“The mystic is not somebody who says, ‘Look what I’ve experienced. Look what I’ve achieved.’ The mystic is the one who says, ‘Look what love has done to me.’. . . There’s nothing left, but the being of love itself giving itself away as . . . the concreteness of who you simply are.”
James Finley, Following the Mystics through the Narrow Gate
Richard Rohr affirms love as the heart of all mystical experience:
“It seems to me Christianity has put major emphasis on us loving God. Yet the mystics consistently describe an overwhelming experience of how God loves us! In their writings, God is the initiator, God is the doer, God is the one who seduces us. It’s all about God’s initiative. Then we certainly want to love back the way we have been loved… But it’s not like I’ve got to prove my love for God by doing things.
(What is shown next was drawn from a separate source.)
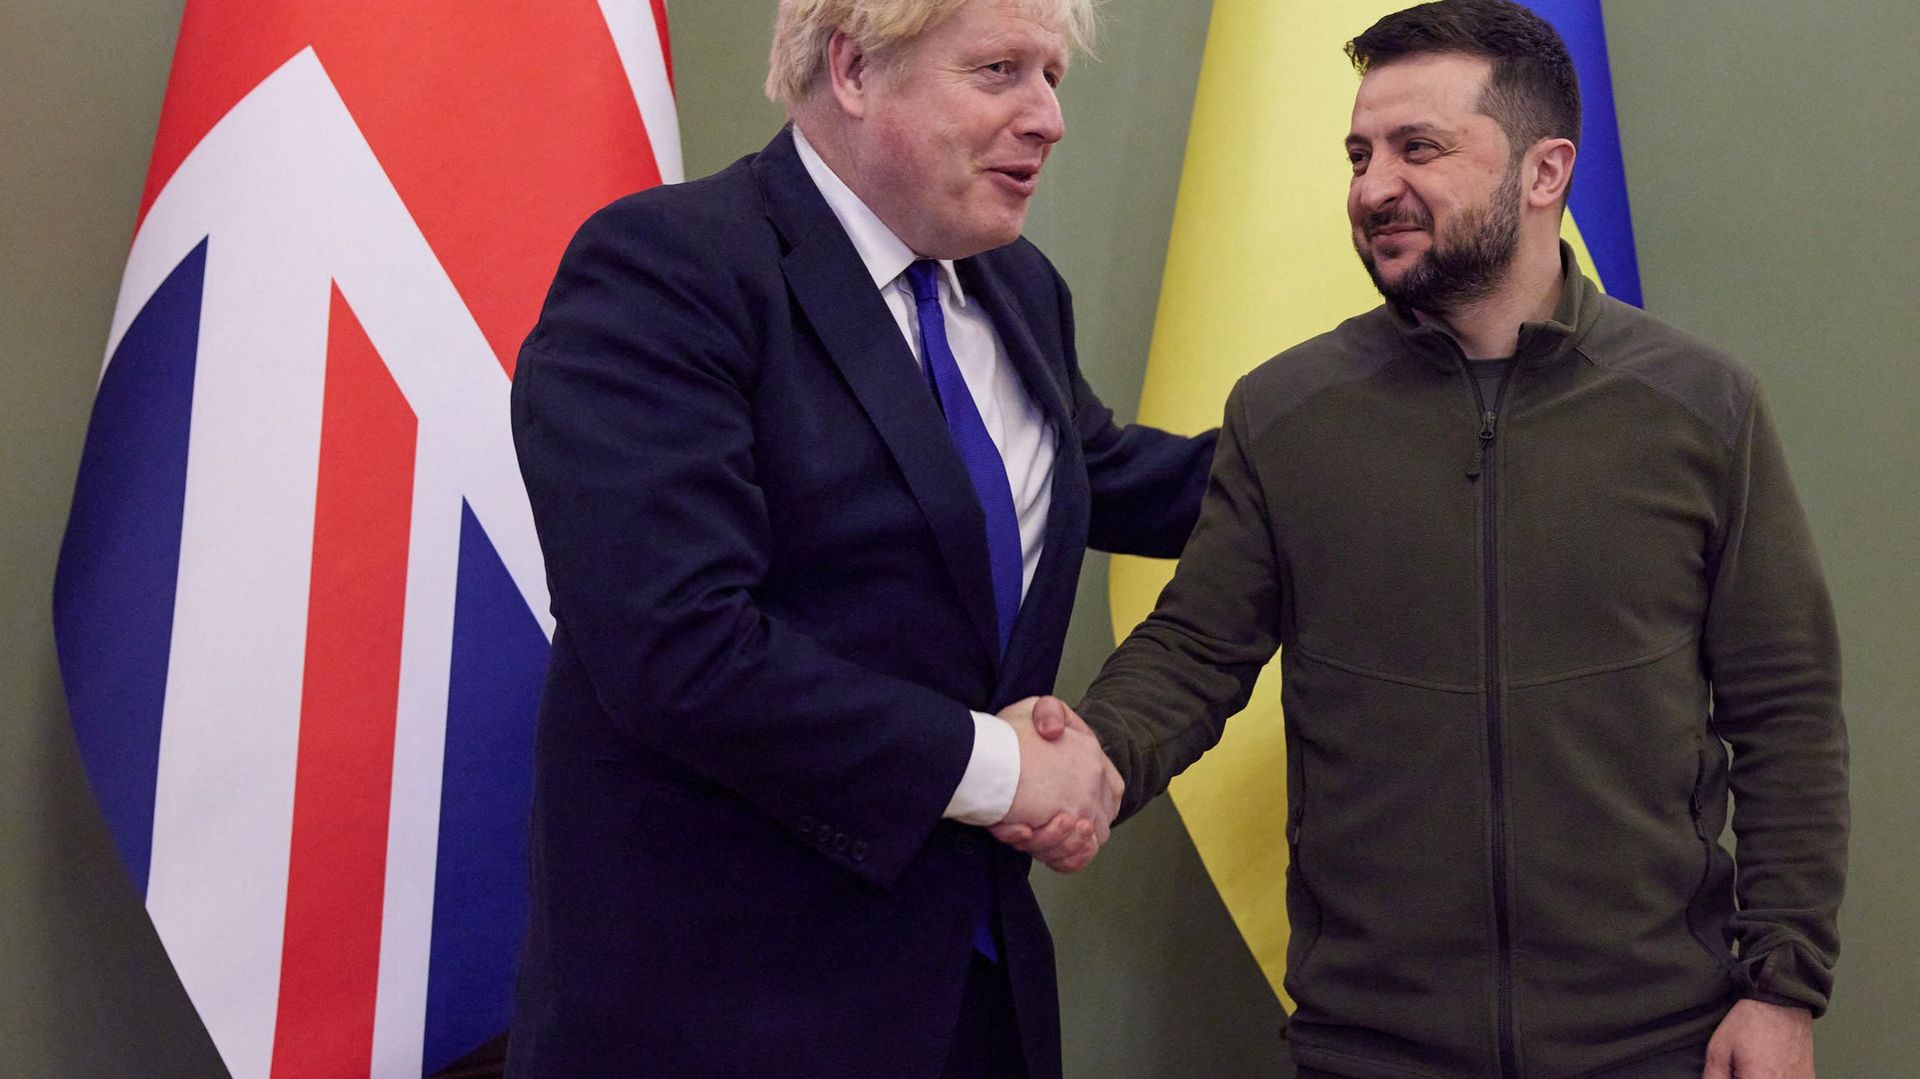 Cette photo prise et publiée le 9 avril 2022 par le service de presse présidentiel ukrainien montre le président ukrainien Volodymyr Zelensky (à droite) serrant la main du Premier ministre britannique Boris Johnson avant leur rencontre à Kiev.

My job is simply to complete the circuit!
Mystics experience a full-bodied embrace and acceptance by Divine Love, and then spend their lives trying to verbalize and embody it. They invariably find ways to give that love back through forms of service and worship, but it’s never earning the love—it’s always returning the love. Can you feel the difference? Returning God’s love is almost a different language. It’s not based in fear, but in ecstasy.
God is always given, incarnate in every moment and present to those who know how to be present themselves. It is that simple and that difficult. To be present in prayer can be an experience of being loved at a deep level. I hope you have felt such intimacy alone with God; I promise it is available to you. Maybe we just need to be told that this divine intimacy is what we should expect. We’re afraid to ask for it; we’re afraid to seek it. It feels presumptuous. We don’t trust that such a love exists—and for us. But it does.”